Some of you may also realise that even without a shared file system, this can help with other scenarios. When you use vertical clustering, i.e. multiple JVMs per server then the local file system is in effect a shared file system for those JVMs on the same server and WebSphere can be configured to do this kind of recovery here also. This won't handle box failure but will handle JVM panics etc.
SAMBA
I tried to get SAMBA to work. It's supposed to do file locking etc and the solution also works on native Windows client and Windows file servers. But, making SAMBA do file locking like this was beyond me. I still think it's possible but I couldn't get any help from the community here. If SAMBA could be configured to work then this technology would work on any Linux with that SAMBA. If someone from the SAMBA community wants to work with me on this then email me.
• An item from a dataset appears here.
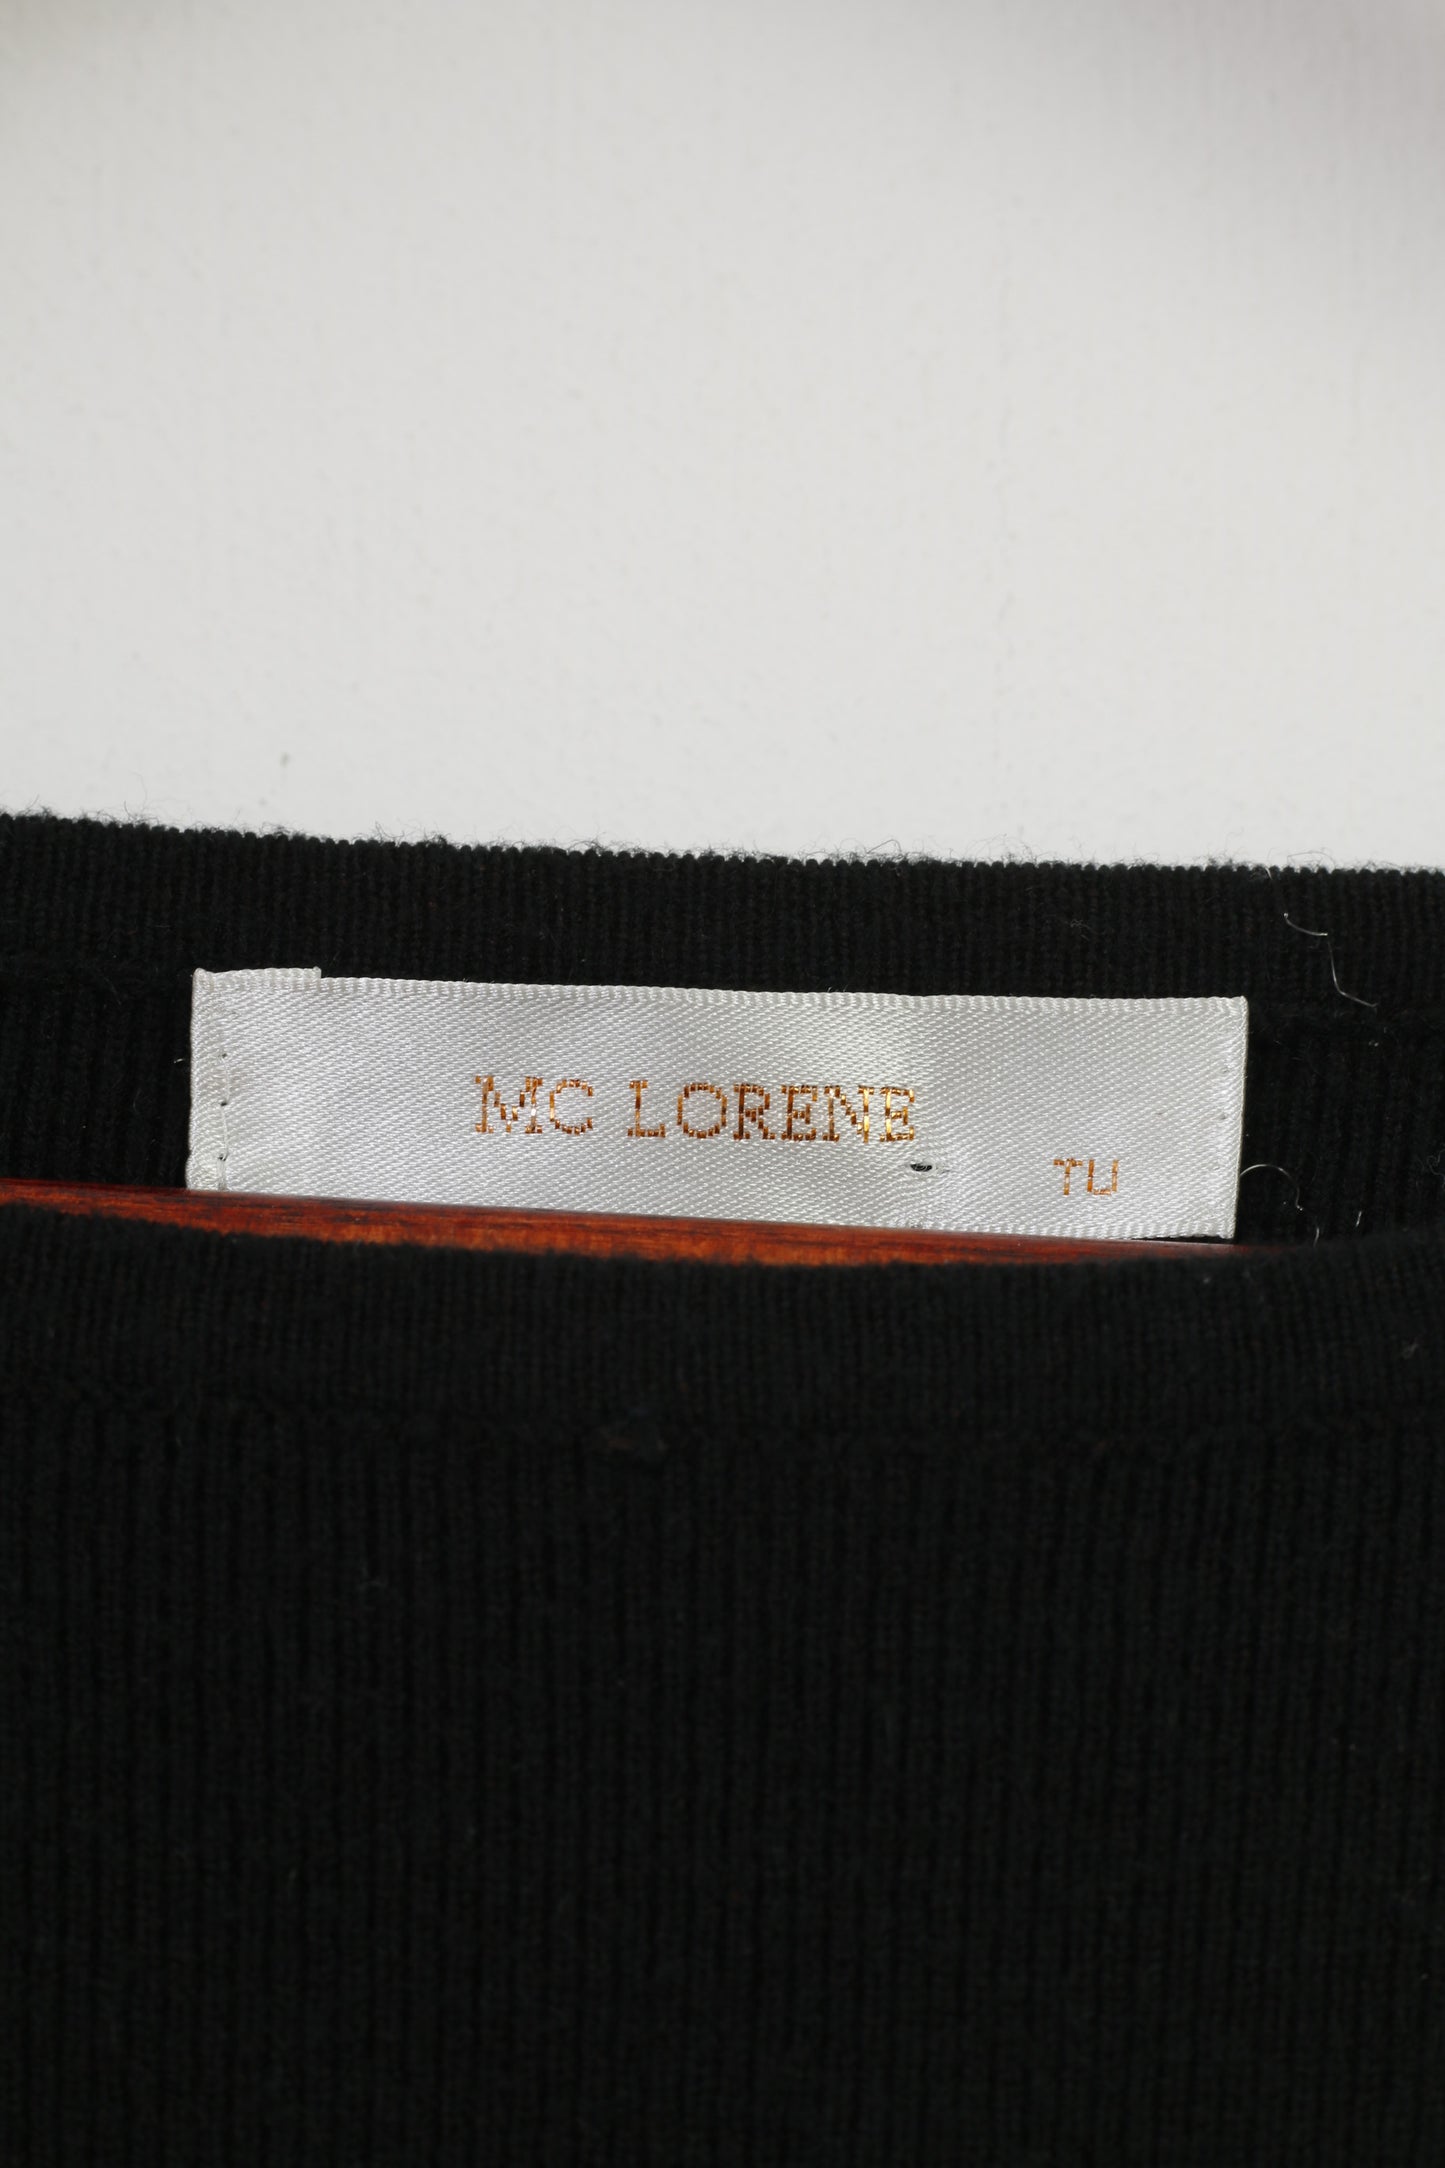 Mc Lorene Woman S Dress Black Long Sleeve Tight Stretch Top

It's a shame that it appears not to work.
The problem with NFS v3
NFS v3 doesn't work here. The problem is locking. When a server fails, the locks only get released when that server restarts. That takes AGES. Minutes. Or an administrator can manually release the locks. Again, not really what I want. The solution really needs lock leasing to work well. Only SAN FS, NFS v4 or CIFS provide this fast lock recovery with no dependancy on the fail server.
SAN FS
SAN FS offers a ultra high performance shared file system that doesn't require large file server boxes. It uses a unique architecture that means it's as fast as a local file system but is fully shared. You can have a couple of small 2 way boxes as SAN FS servers (for HA) and run a lot of WebSphere or database boxes on the shared file system. It also offers a shared file system that uses lock leasing on older operating systems. NFS v4 is available on the latest and greatest operating systems like AIX 5.3, Solaris 10 and later this year 2.6 linux kernels. But, if you're on an older operating system then you don't have this support built in. SAN FS is available on these older operating systems and will enable you to take advantage of this new WebSphere support on those platforms.
Summary
Thats it. No extra software besides WebSphere needs to be bought and no switched disks per server when using CIFS or NFS v4 (SAN FS requires a SAN and the SAN FS client to be installed). I think this sets a whole new level of ease of use in clustering on the market and puts WebSphere in front of the pack even after WebLogic 9 ships later this year. The HAManager is exploited all over the place in WebSphere 6.0. The new messaging engine uses it for similar failover times. All the critical singletons in the product that used to run in the deployment manager now 'float' and run anywhere in the cell. Customers can, of course, specify policies to tell WebSphere where they would like these services to run and can specify backup servers etc.
So, there it is. WebSphere 6.0 can achieve < 12 second recovery times on commodity hardware when it's used with a shared file system with lock leasing.